Credit Claiming and the Minimum Wage

For better or for worse, it looks like we are on course for a 40% bump in the minimum wage–from $5.15/hr to $7.25/hr, whether or not it ends up being tied to estate tax cuts and other goodies for the GOP base. As both Jon Henke and Mike Munger note, empirical research in economics has shown little evidence for an effect on employment either way; that said, Henke finds Democrats’ favorite economist to be rather skeptical on the benefits of a minimum wage hike:

Paul Krugman has made two more important points on the topics. First, if you’re trying to help the poor, then “raising minimum wages is at best a crude and double-edged strategy”. It’s not targeted, it distorts markets and it leaves the neediest and least skilled without the higher minimum wage or the lower minimum wages. Second:

So what are the effects of increasing minimum wages? Any Econ 101 student can tell you the answer: The higher wage reduces the quantity of labor demanded, and hence leads to unemployment. This theoretical prediction has, however, been hard to confirm with actual data. […] [T]he centrist view is probably that minimum wages “do,” in fact, reduce employment, but that the effects are small and swamped by other forces.

Leaving aside the moral and efficiency objections to the minimum wage, I tend to doubt that a modest increase from current levels will lead to much unemployment, but it will certainly reduce the demand for labor over time.

Munger also discusses why the minimum wage hasn’t been indexed to inflation (unlike, say, congressional salaries):

Politicians wouldn’t be able to claim credit for an index, a one-time solution that actually fixes the minimum wage in real terms. This way, without indexation, they (the supporters) get to look like big heroes.

And, the more the increases get dragged out, and the bigger the consequent increase (which really only restores the minimum wage to its previous real value), the bigger the heroism. …

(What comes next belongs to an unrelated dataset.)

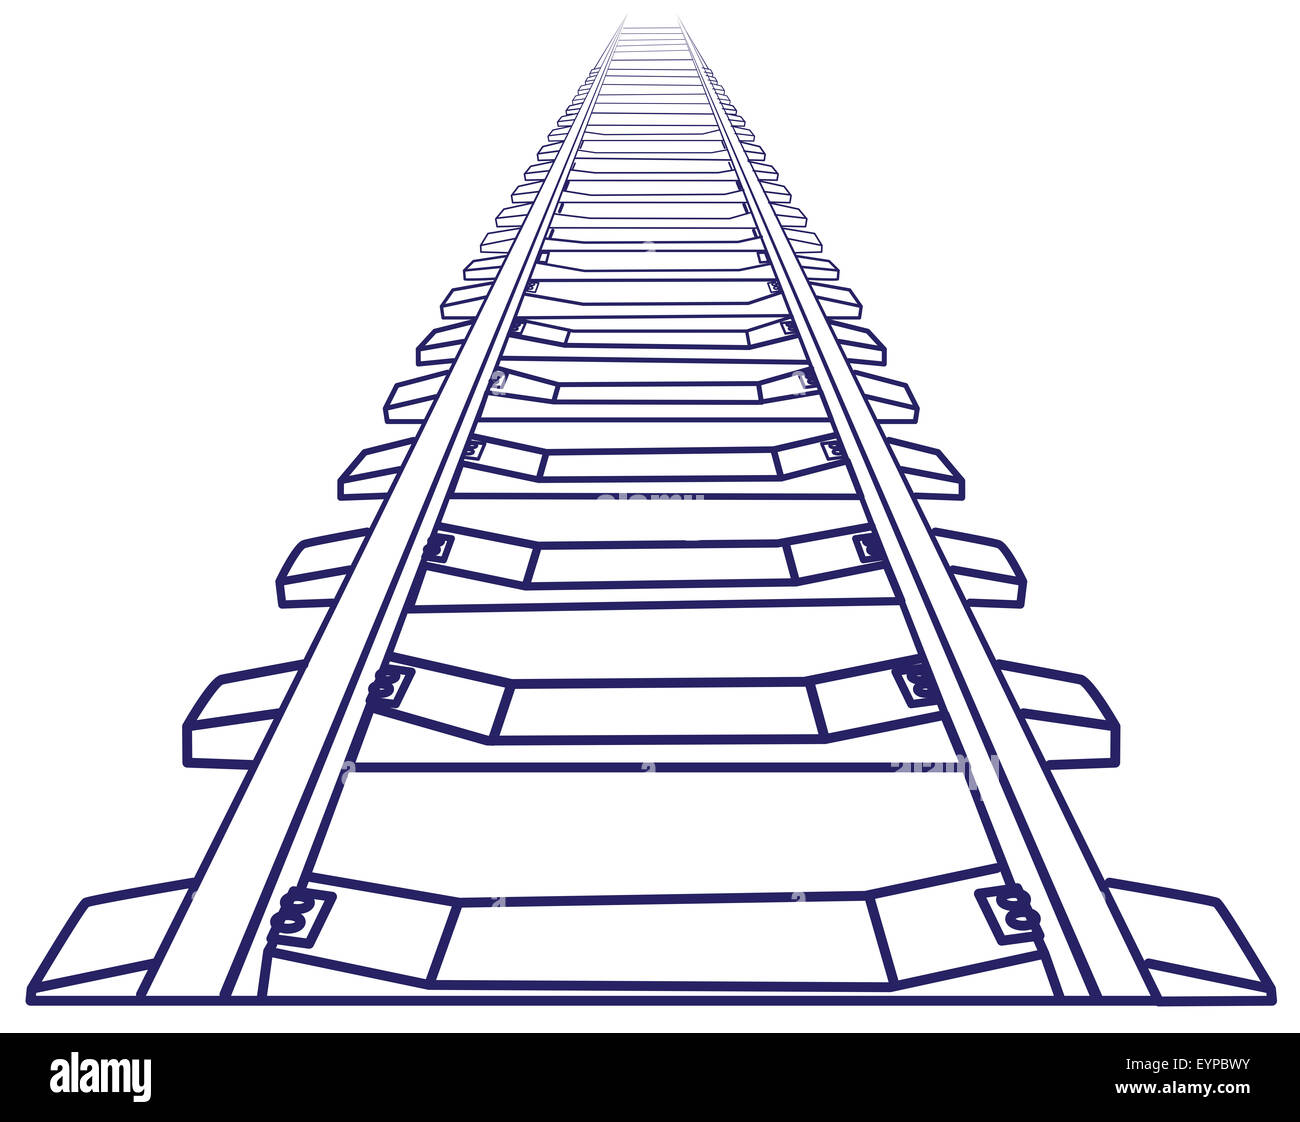 8,342 Railway Tracks Drawing Images, Stock Photos, 3D objects, & Vectors |  Shutterstock

In short, the minimum wage combined with secular inflation is a nearly perfect job security device for liberal members of Congress: we will fight for a wage increase, for YOU! But we will not fight for indexation, which would make you outgrow your need for us. We need to be needed.

I tend to agree with most economists that hiking the Earned Income Tax Credit (essentially Friedman’s “negative income tax”) would probably be more effective in helping the working poor–in large part because the working poor are going to be most hard-hit after a minimum wage hike by the inevitable price increases (and/or reduced service) by low-cost retailers like Wal-Mart and KMart. If we’re going to have a state-mandated welfare program for low-skilled workers (whether we call it the “minimum wage” or “EITC”), I’d much rather see the burden fall on income taxpayers than disproportionately on those the wage hike is intended to help.

FILED UNDER: 2006 Election, Blogosphere, Congress, Economics and Business, Political Theory, US Politics, , , , , , , , , , , , ,
Chris Lawrence
About Chris Lawrence
Chris teaches political science at Middle Georgia State University in Macon, Georgia. He has a Ph.D. in political science (with concentrations in American politics and political methodology) from the University of Mississippi. He began writing for OTB in June 2006. Follow him on Twitter @lordsutch.

Comments

  1. Richard Gardner says:

    This bill was on my list of possible post topics, but your post allows me to focus on a comment instead, The bill is a typical combination of omnibus topics such that if you vote for or against it, fault can be found. There are seven (7) states where the opposition is massive because it declares a nationwide manner in which tips shall be handled.

    In WA State, and 6 others, all service employers must be paid minimum wage (and WA State is the highest), and tips are to the employee (less disbursements to other service staff like bar backs, bus boys, etc). In the other 43 states, the employer may pay under minimum wage if the tips make up the difference.

    So in these 7 states, a vote YES would mean a vote to reduce the wages of service employees hat receive tips (waiters, pizza delivery, etc). And the Feds are telling the states how to handle their non-interstate commerce (not to include bars and pizza joints on the borders).

    This is so significant that the WA State Senators voted against this Omnibus, even though it would have extended the IRS deduction of State Sales Tax (at 8.5-8.8%) while other states are allowed to deduct state income tax (0% for WA). http://www.nwcn.com/topstories/stories/NW_080306WABminumumwagesEL.8302e83.html

    (I think both deductions should be removed, and definitely see no reason why I as a WA resident with a high sales tax should subsidize another state, Oregon, with no sales tax, and a high income tax).

    I used to live in a country where tipping was considered an INSULT, it means that the business obviously isn’t paying its workers enough. However, lately in the USA I see tip jars in fast food restuarants (and many other locations, like the gas station).